Stored data:
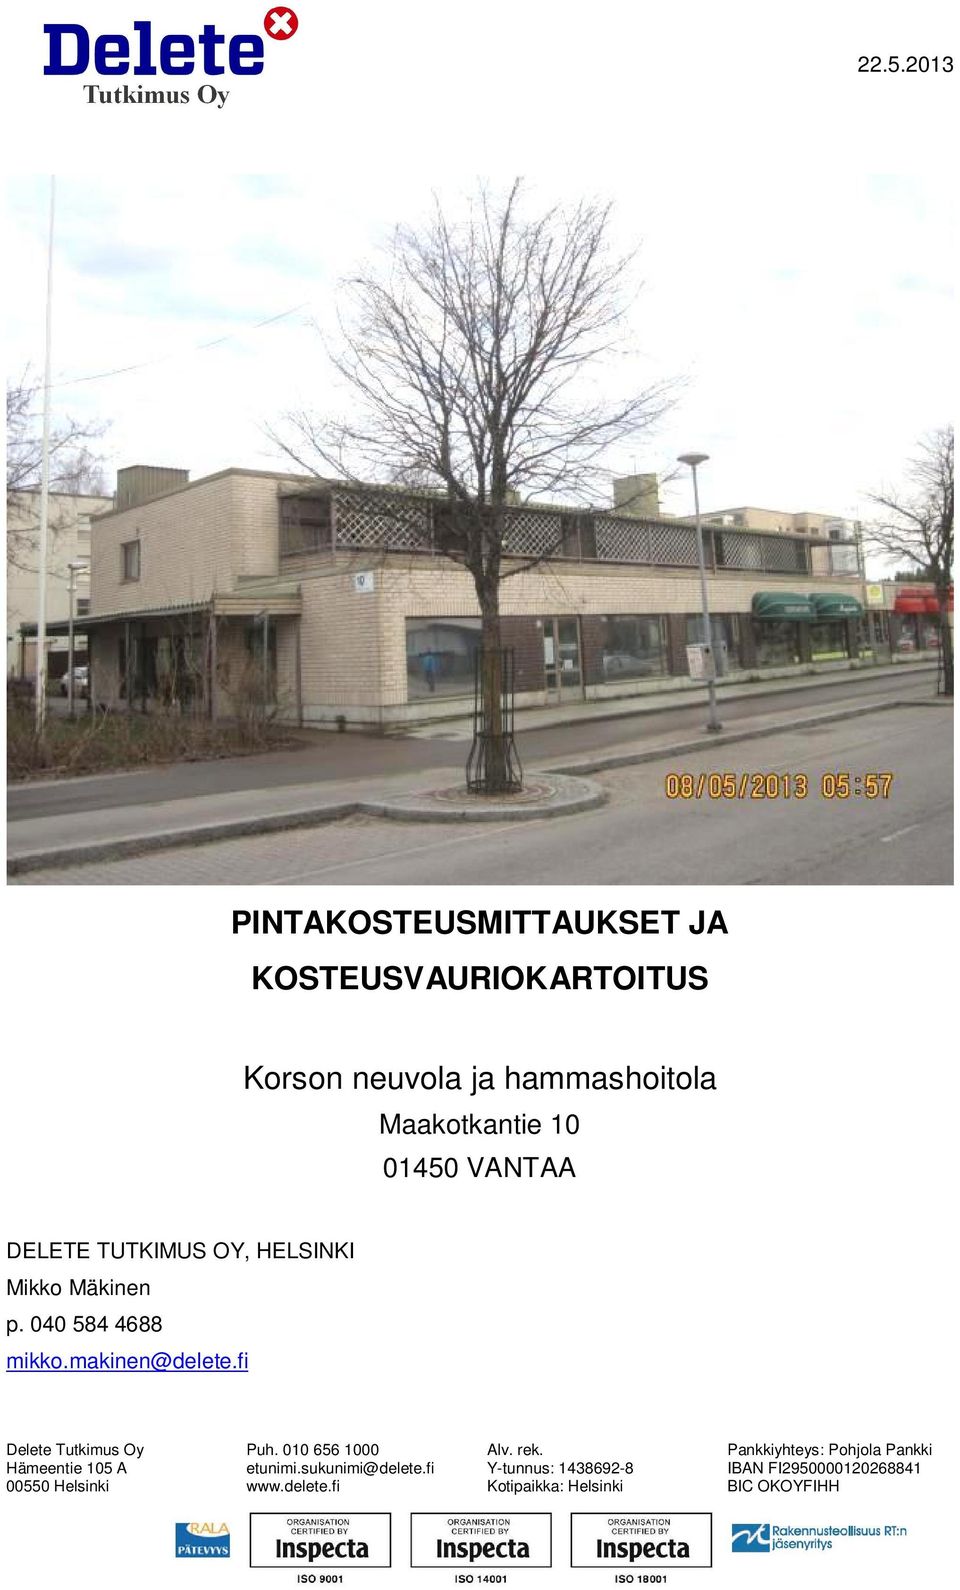 fi Delete Tutkimus Oy Hämeentie 105 A 00550 Helsinki Puh. 010 656 1000 etunimi.sukunimi@delete.fi www.
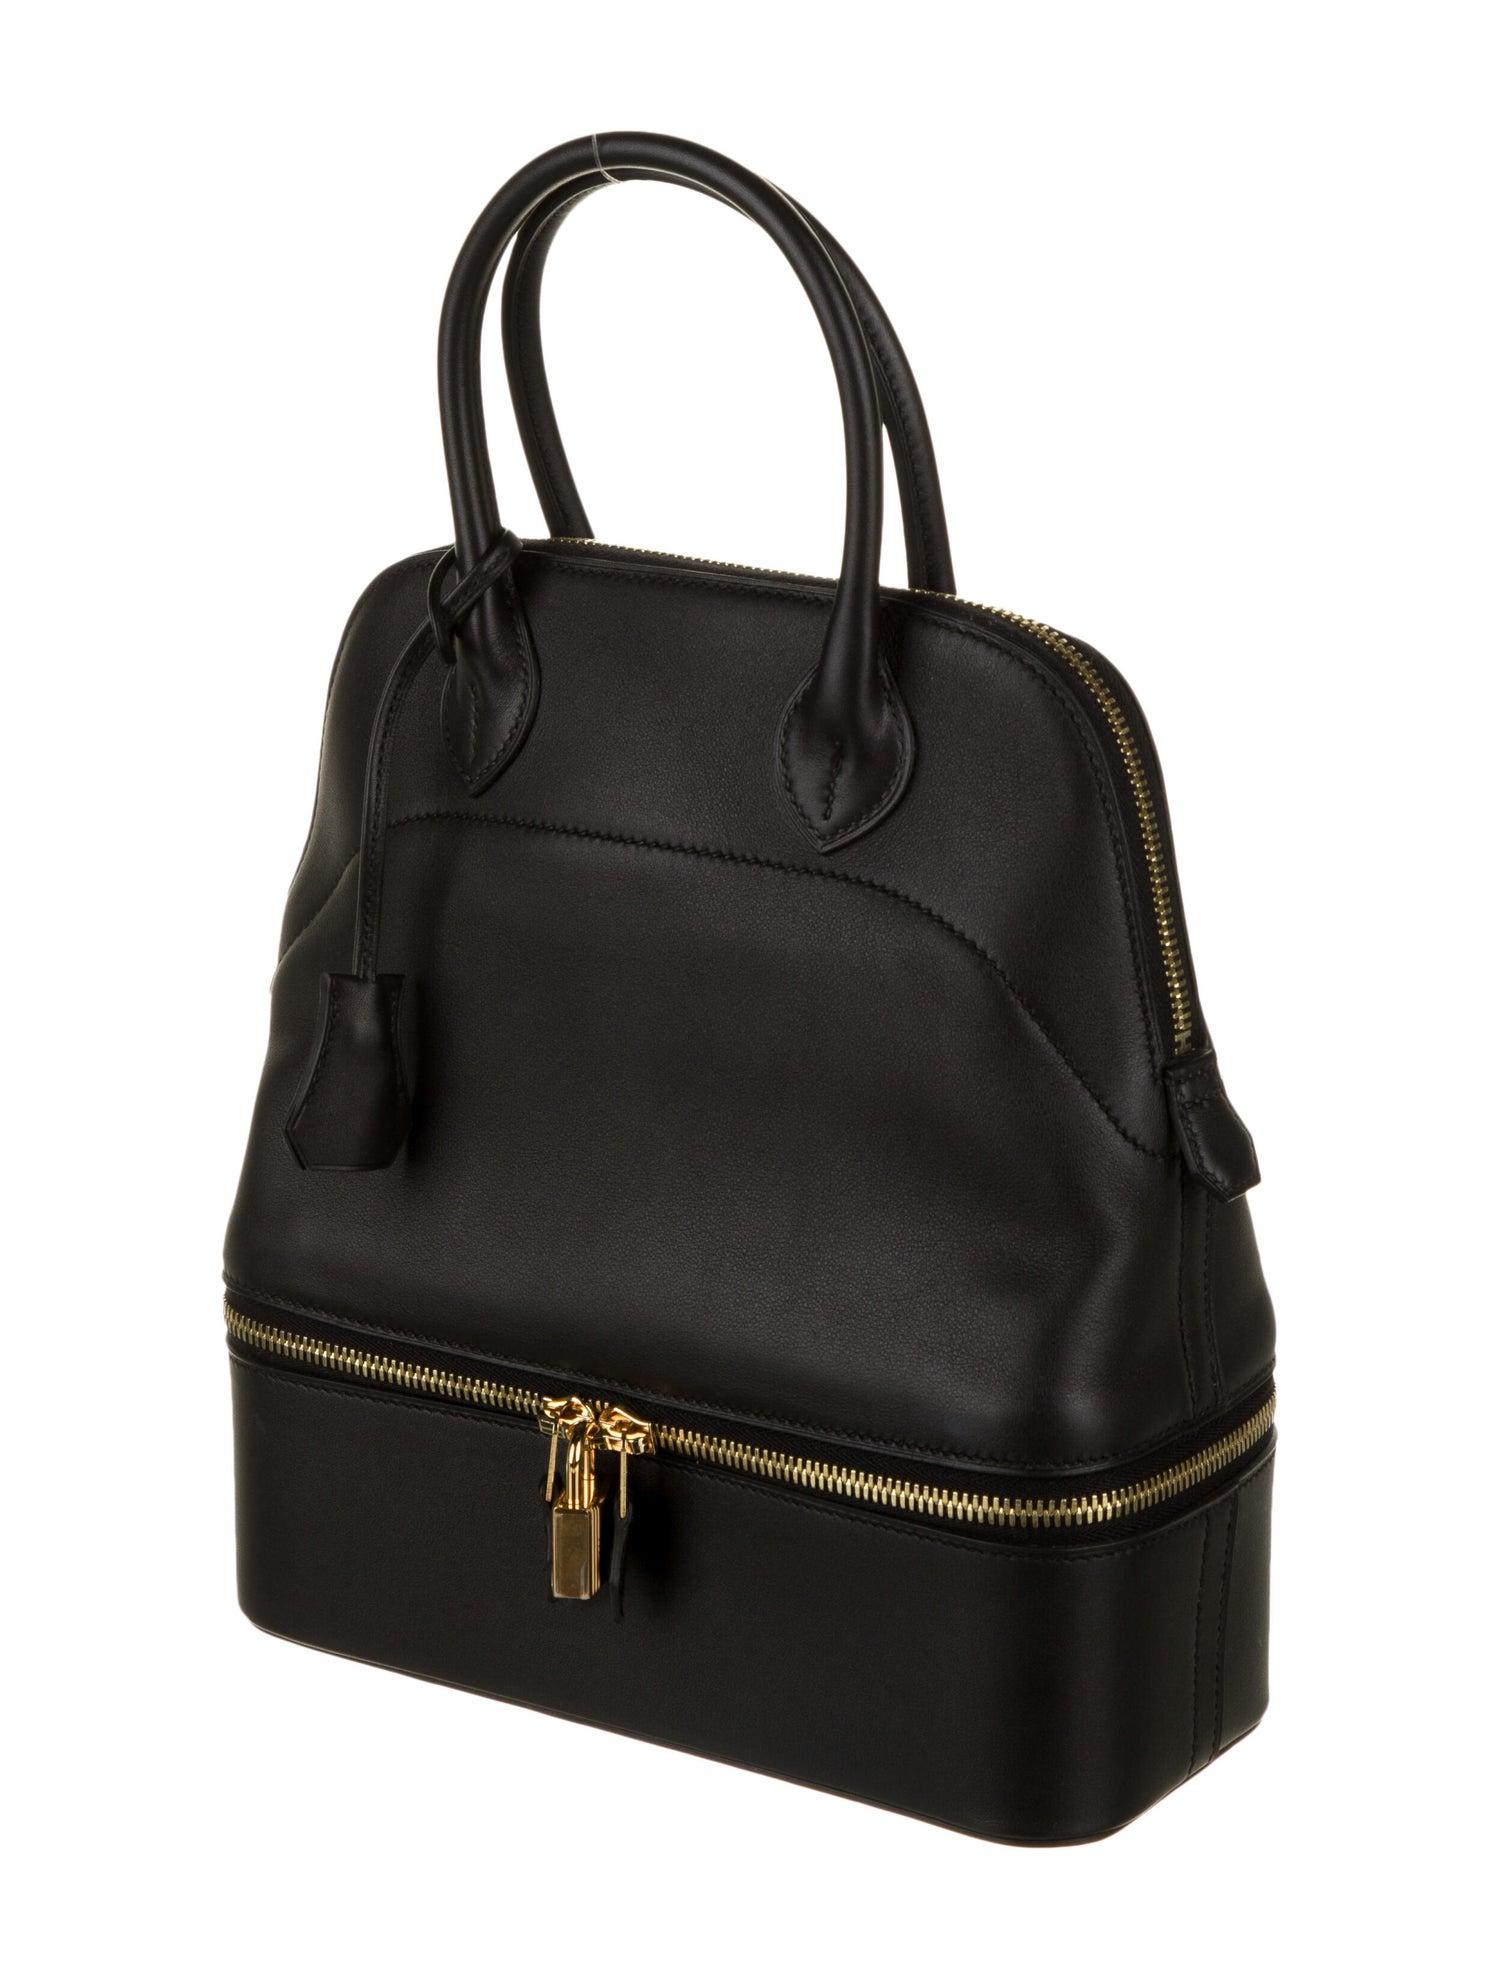 Hermes NEW Black Leather Gold Top Handle Satchel Men's Women's Travel Tote Bag 1
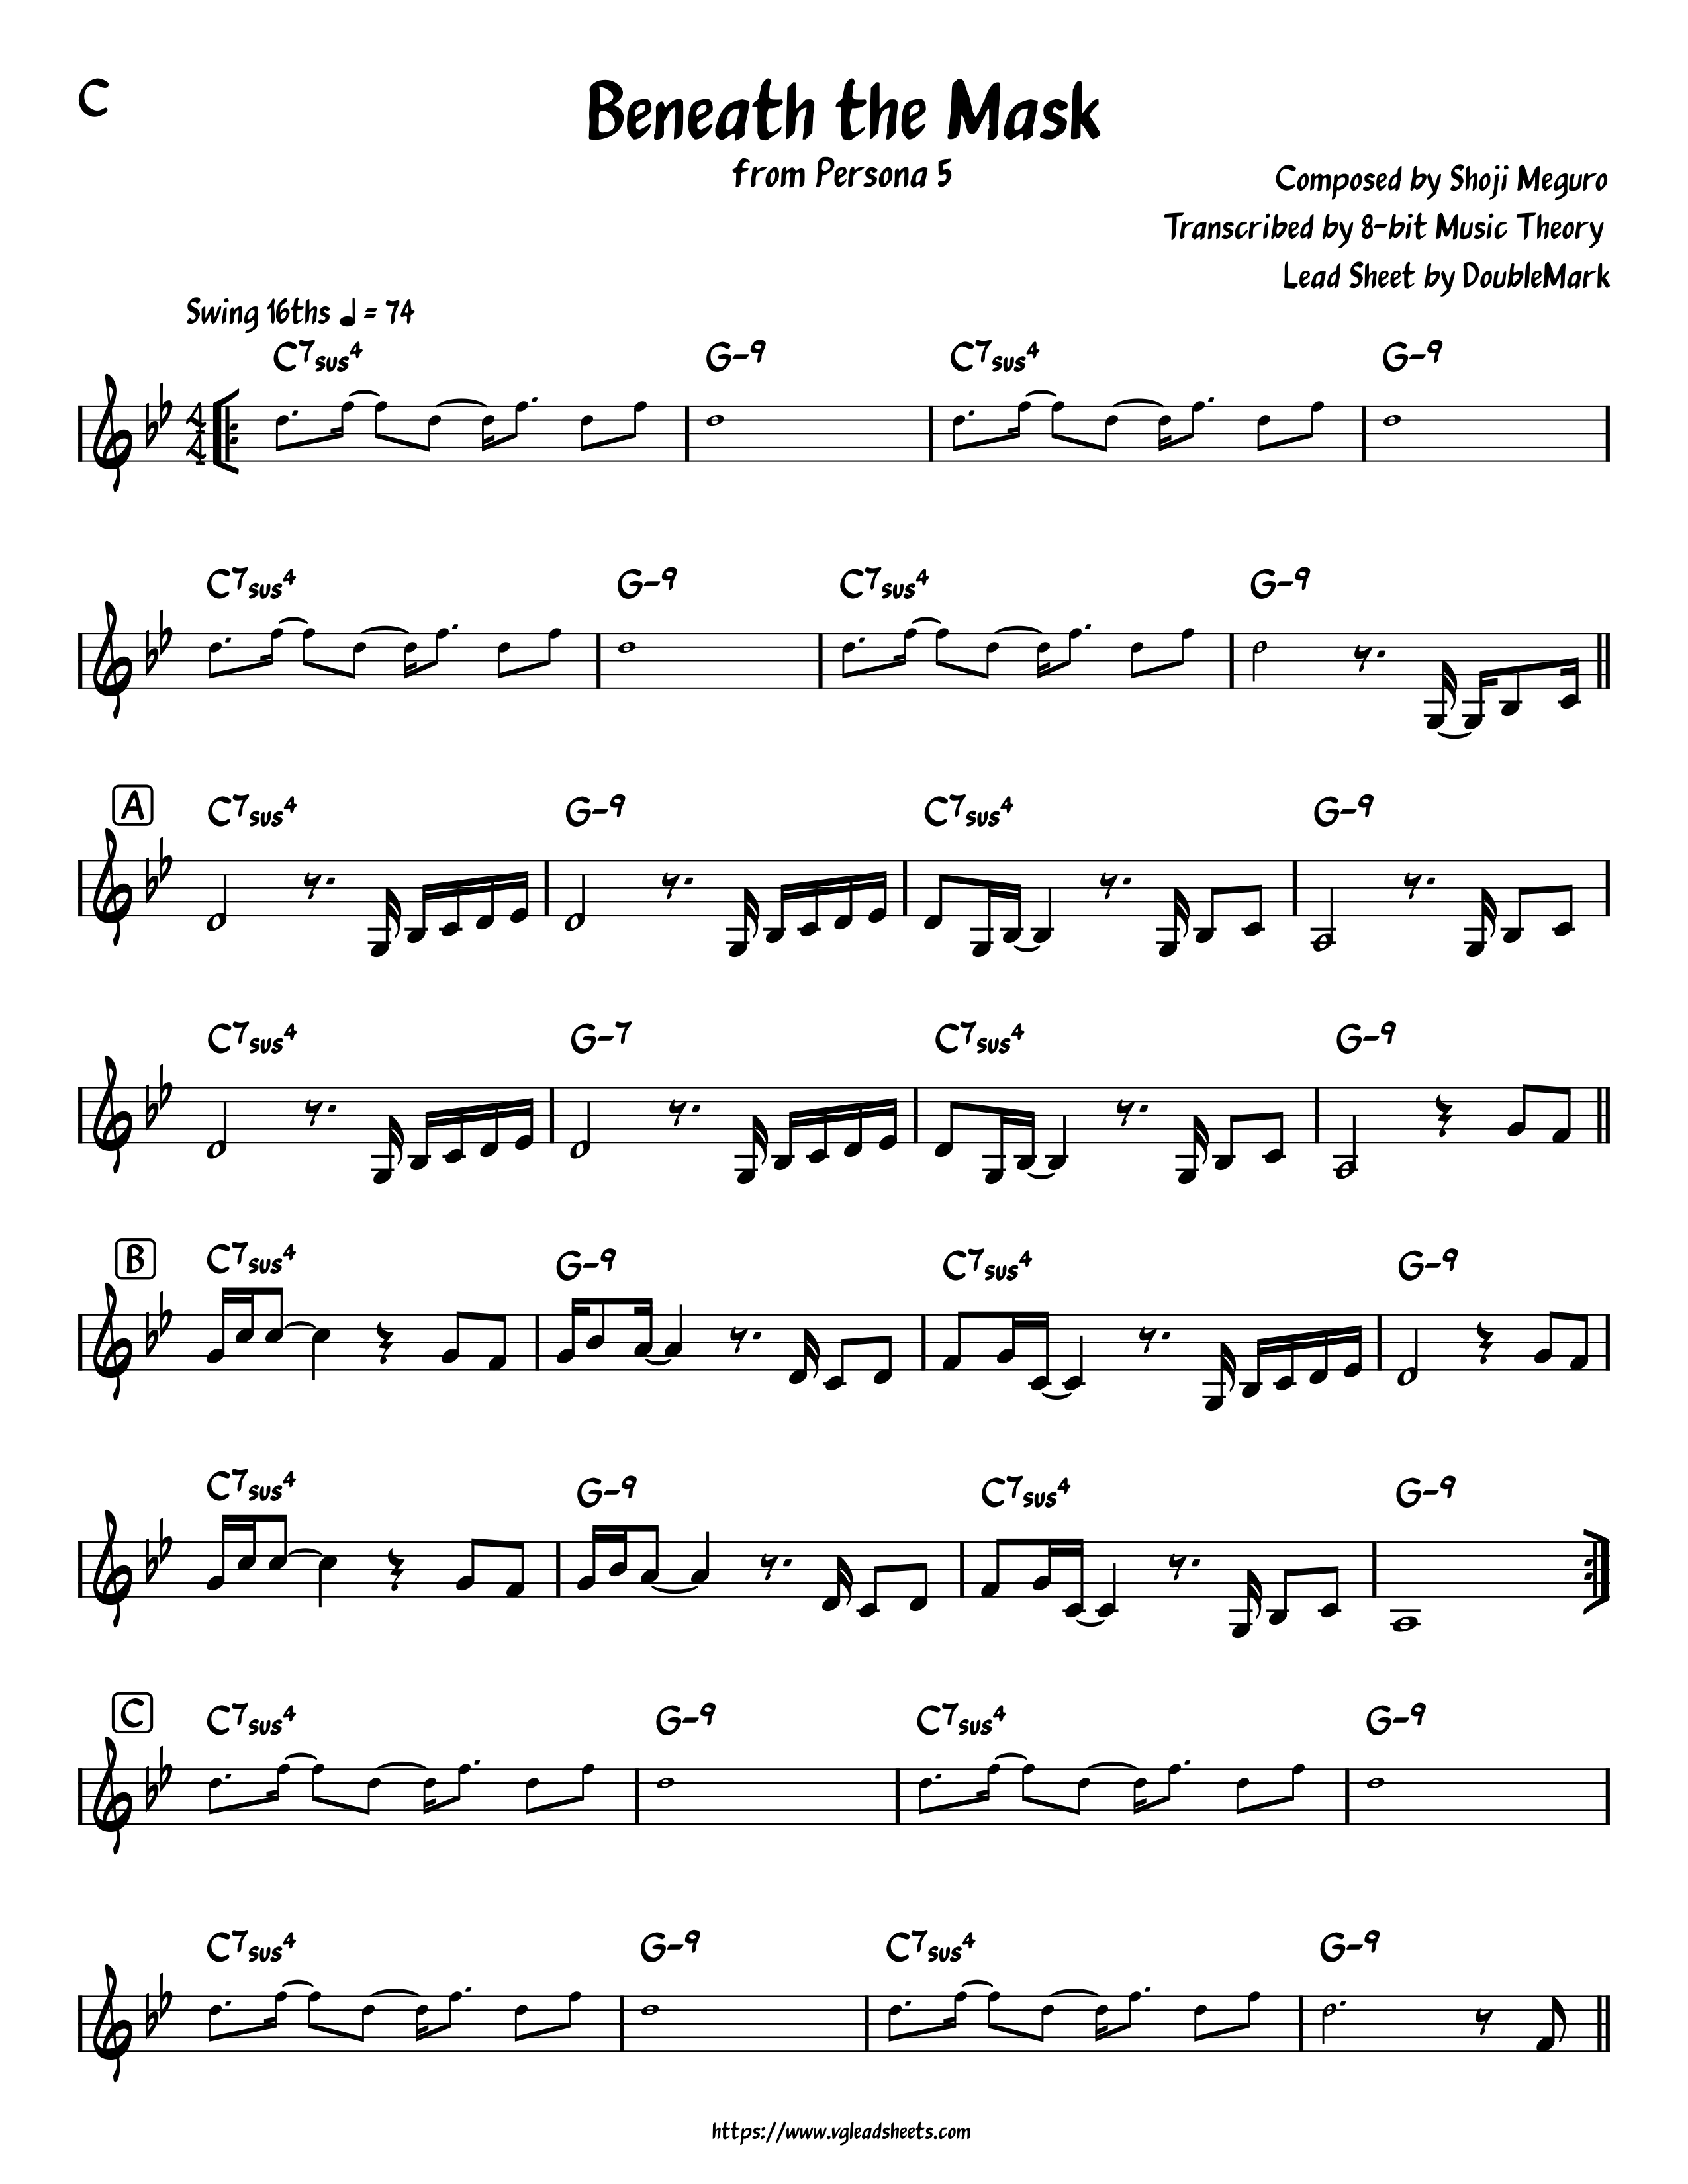 Vampire Waltz Sheet music for Piano (Solo) Easy

Task brief:
Leave out all pictures and extract exactly the lines from the line with "Hermes NEW Black" through the end of the material.

Answer for this exercise:
 Hermes NEW Black Leather Gold Top Handle Satchel Men's Women's Travel Tote Bag 1
 Vampire Waltz Sheet music for Piano (Solo) Easy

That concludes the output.